Halfway back to Portland, Charlie looked over at Margery and asked about her husband. “He cared for me,” she said. “He just cared more for someone else.”

“Damn shame,” Charlie said. Margery brushed the fingers of one hand through the back of her hair. Charlie thought she was going to say more, but she didn’t. At the ferry, he helped her with the box and said goodbye.

The next morning was again bright and sunny. Charlie returned to the bench near the ferry and sat, savoring his coffee, croissant, and the salty air. His brother Orson came to mind. Orson was a pain in the ass, but he had a point – sometimes you have to make a move.
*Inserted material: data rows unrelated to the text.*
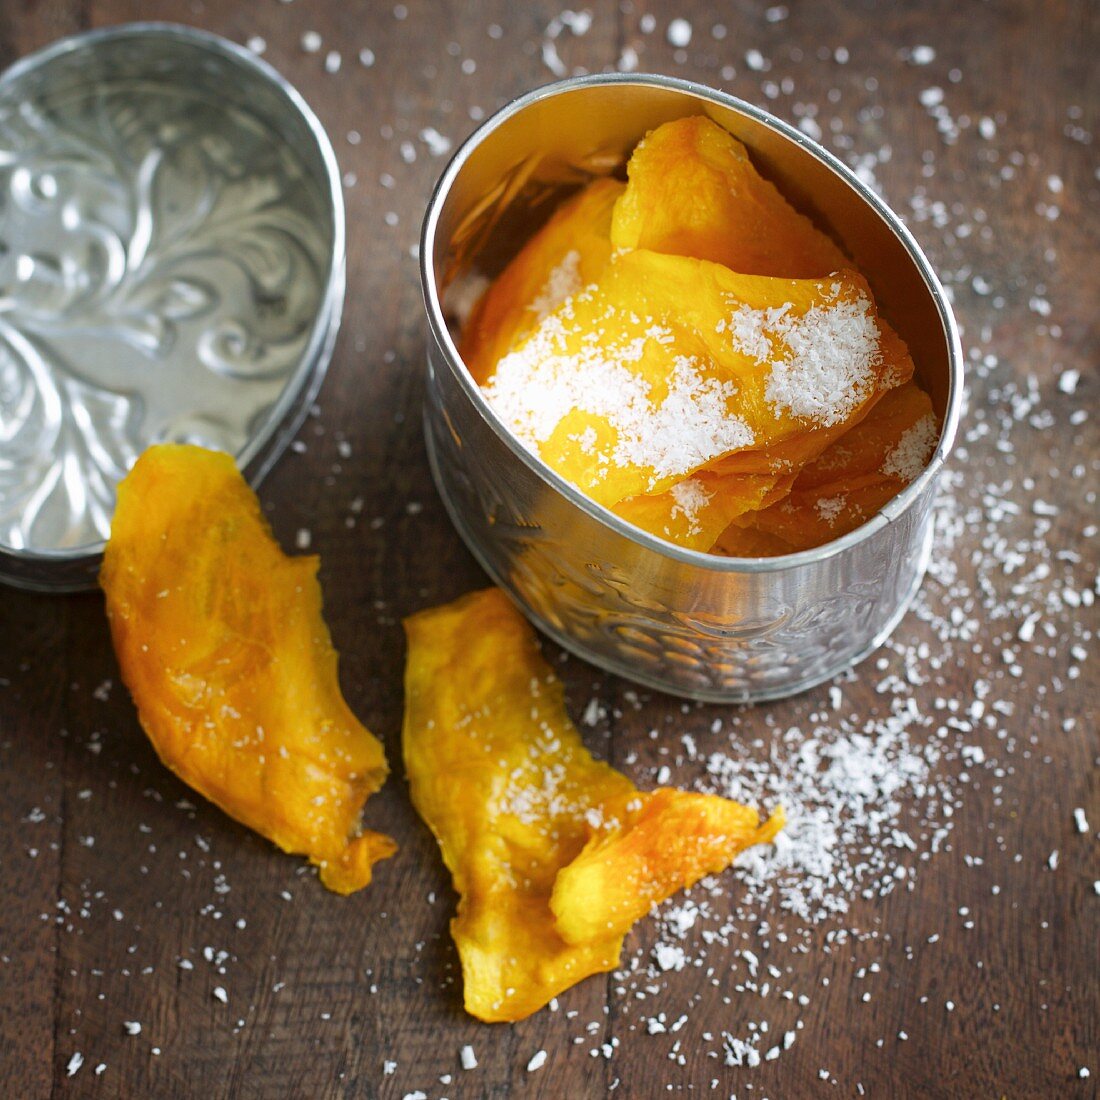 Home-dried mango with desiccated coconut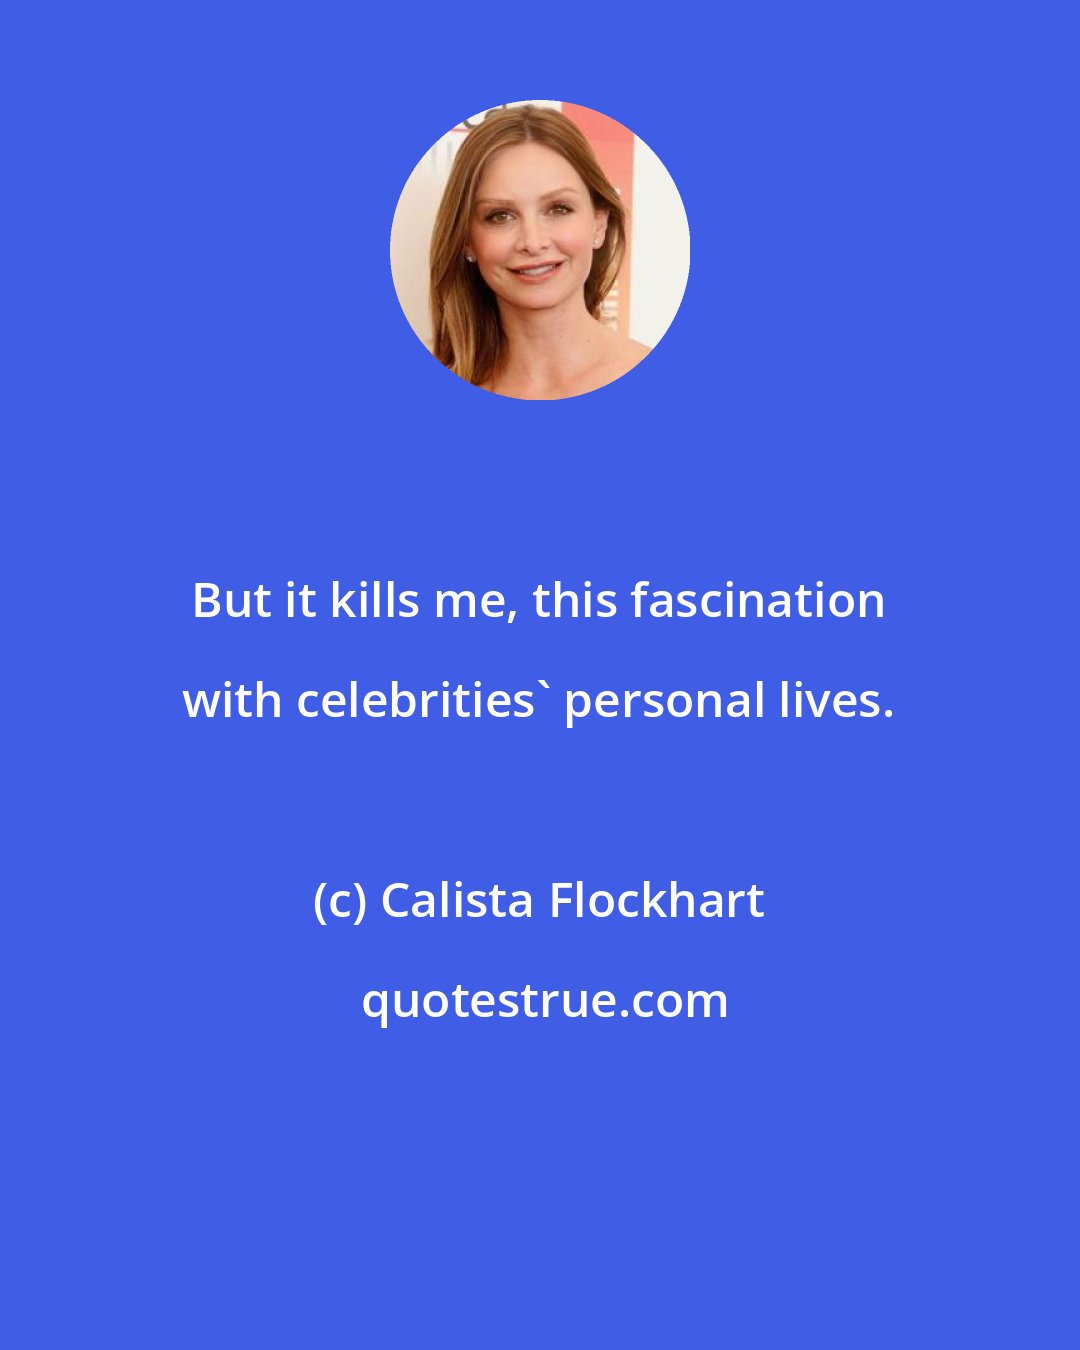 Calista Flockhart: But it kills me, this fascination with celebrities' personal lives.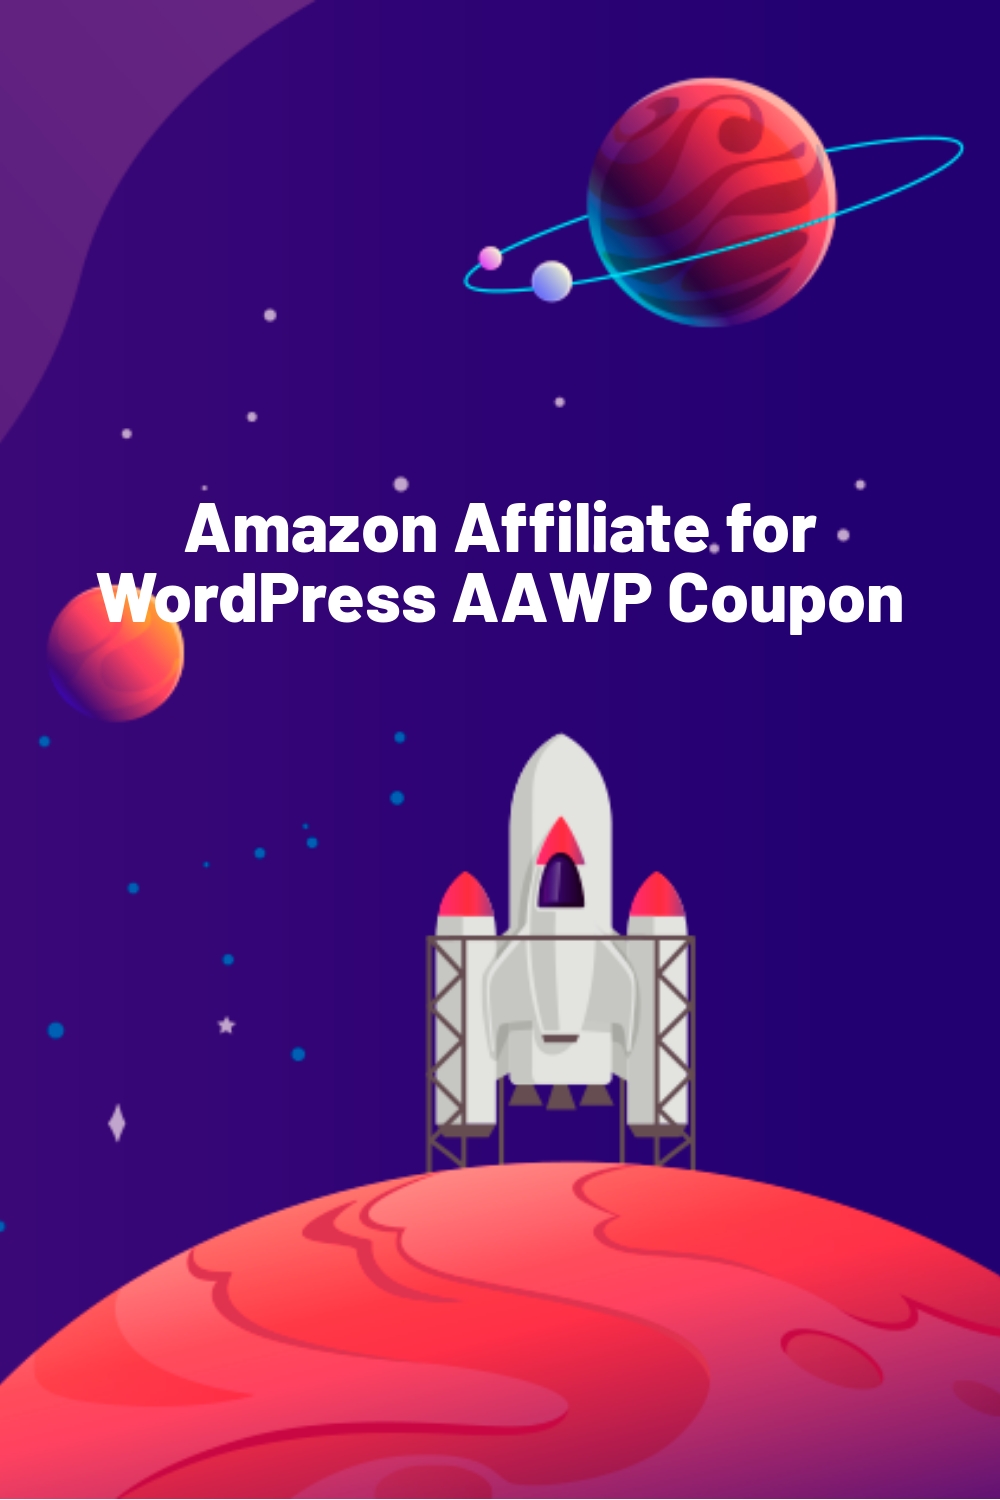 Amazon Affiliate for WordPress AAWP Coupon

Two men wearing similar clothes – pressed jeans, T-shirts, white running shoes, and sunglasses – walked up and took benches closer to the water. One was older, softer, beginning to put on weight. He sat with his elbows on his knees, looking across the harbor. The other, fitter one, stretched full length on his bench, arms out flat behind his head, and stared into the sky. Neither looked happy. They remained unmoving, as though they were waiting for a delivery.

That is not the way, Charlie thought. He stood, dropped the empty bag and cup into a trash can, and walked in the direction of the unknown furled inside him.